# java moss



## jp80911 (Apr 3, 2008)

my java moss is either turning brown or it got bunch brown hair/moss like algae growing on them.

i have 60W of light right on top of it. other plants in the tank are doing great....

also have some in 10g with some light that comes with the tank (probable around 20W the most) and they are doing great.

whats wrong?


----------



## CLUSTER ONE (Aug 2, 2006)

jp80911 said:


> my java moss is either turning brown or it got bunch brown hair/moss like algae growing on them.
> 
> i have 60W of light right on top of it. other plants in the tank are doing great....
> 
> ...


I would first try gettting any debris or algae off of it to see if it is actually brown. What size tank do you have. I dont know how tall your tank is, but java moss is pretty low light and doesnt need 60W of light "right over it". I would break half off then move it into a lower light area.


----------



## jp80911 (Apr 3, 2008)

sean-820 said:


> my java moss is either turning brown or it got bunch brown hair/moss like algae growing on them.
> 
> i have 60W of light right on top of it. other plants in the tank are doing great....
> 
> ...


I would first try gettting any debris or algae off of it to see if it is actually brown.
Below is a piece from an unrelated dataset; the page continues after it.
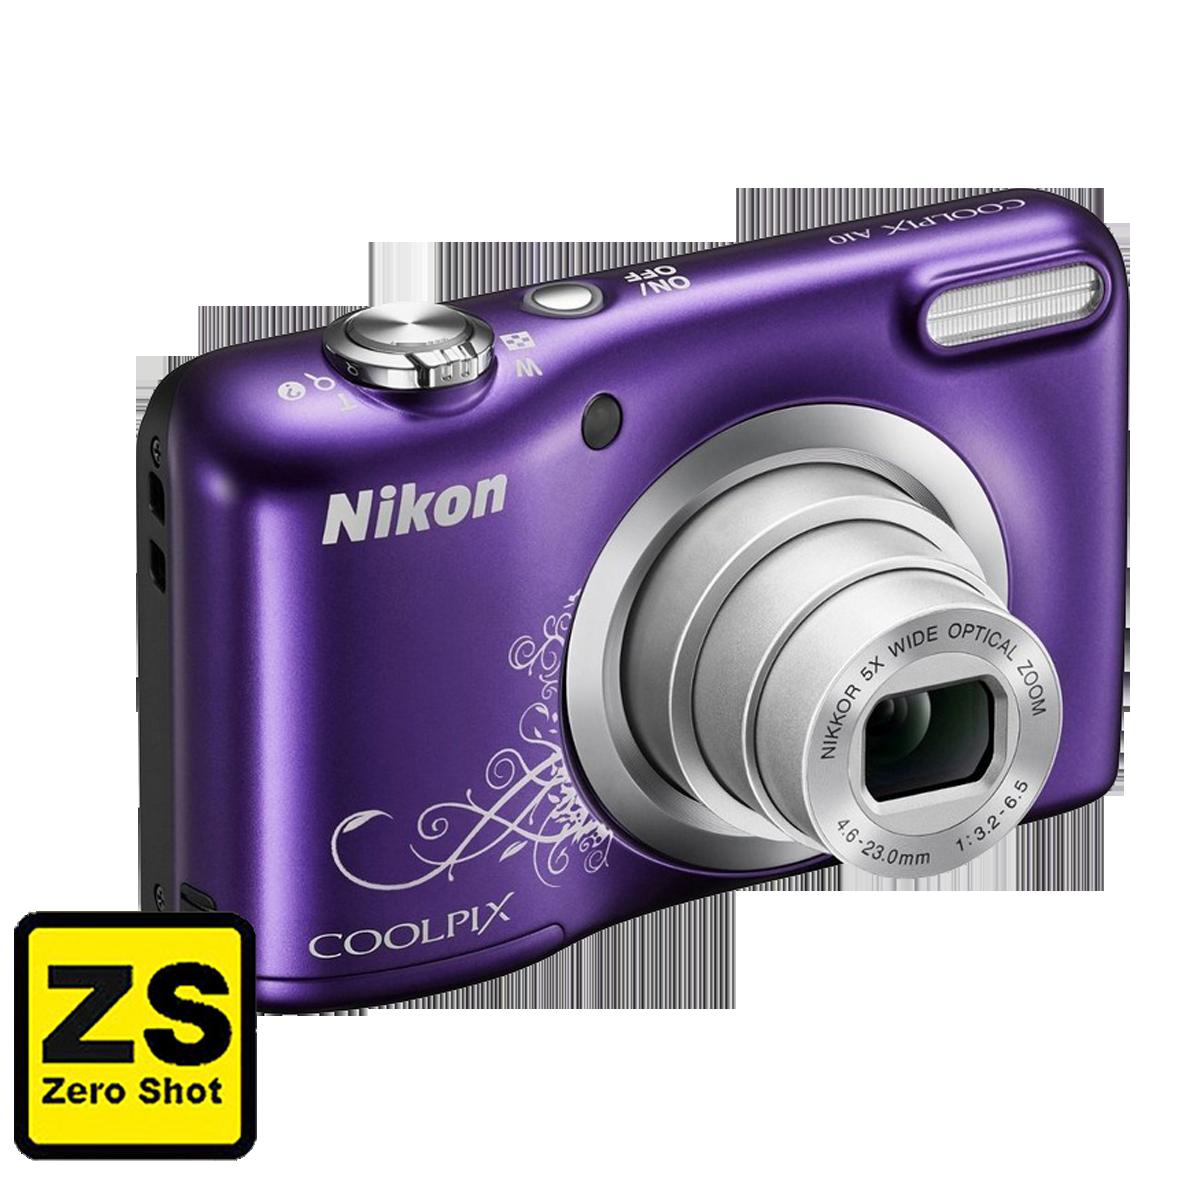 Câmera Nikon COOLPIX A10 Purple (Zero Shot)

What size tank do you have. I dont know how tall your tank is, but java moss is pretty low light and doesnt need 60W of light "right over it". I would break half off then move it into a lower light area.
[/quote]

that must be why.
the tank is 21" tall but it's on top of a piece of drft wood so only few inches from the light. I'll break it off and move it to an other section


----------